Herşeye boşvermek, aynı bugünkü gibi ortalardan tamamen kaybolmak istediğim çoğu zaman genel olarak yukarıdaki sözlere benzer mantralar tekrarlıyorum içimden. İlk başta beni çok sinirlendiriyorlar, yani gerginliğime gerginlik katıyorlar. (Ben niye akıllanmıyorum allahım tarzında sinirlenmeler..) Ama sonra sonra sık tekrarlamaya başlayınca sanırım zamanla açılan çakralarımın da yardımıyla bana iyi geliyorlar. Birey olarak bu hayatta niye var olduğumu, hakkaten bu hayattan ne istediğimi, ne zamanlarda, hangi anlarda mutlu olduğumu hatırlamama sebep oluyorlar. Ne yaparsam yapayım iyi ve kaliteli bir hayat sürmek isteğinden hiçbir zaman vazgeçmememi anımsatıyorlar. Mutlu ettiğim, ve beni seven, benim için “fedakarlık” yapmış ve yapacak insanları unutmamamı hatırlatıyorlar.

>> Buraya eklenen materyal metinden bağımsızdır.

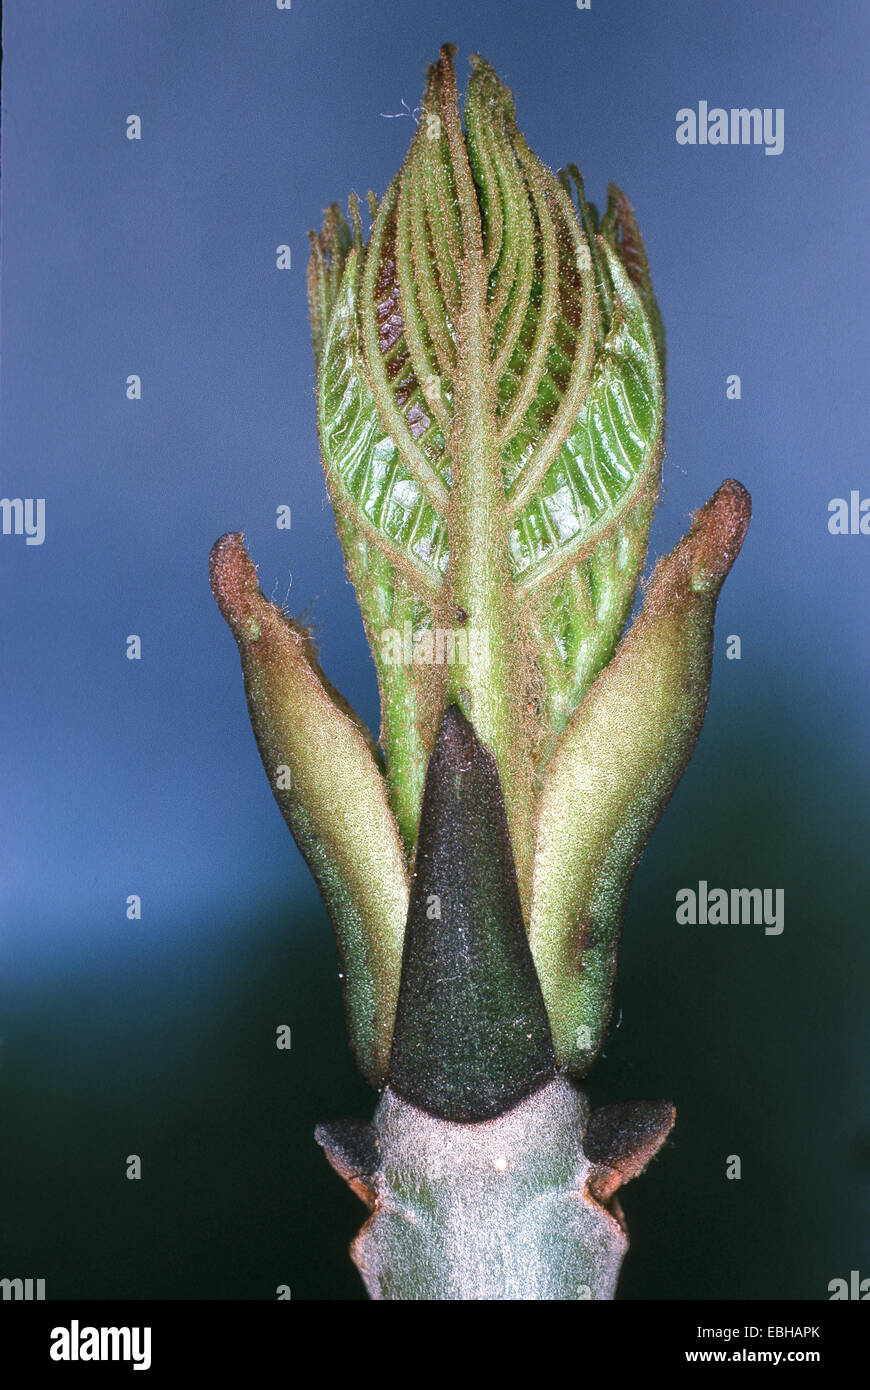 common ash (Fraxinus excelsior), buds and foliation. Stock Photo

Yani bir miktar “onelife, live it” argümanımın da çıkış noktası bu düşünceler.

İşte bugün bir video paylaşmak istiyorum sizinle. Bana düşünemeyeceğiniz kadar çok şey anlattı bu adam. Neredeyse 1 aydır bir damla göz yaşı dökmemiştim, onu da yaptırdı izlerken.

1960 doğumlu bu mükemmel adam, bu dersi verdikten (Eylül 2007 civarları) tam 9 ay sonra hayatını kaybetmiş Haziran 2008’de.

Herkesin hayatla ilgili dersini evladına bizzat verebilmesini dilerim.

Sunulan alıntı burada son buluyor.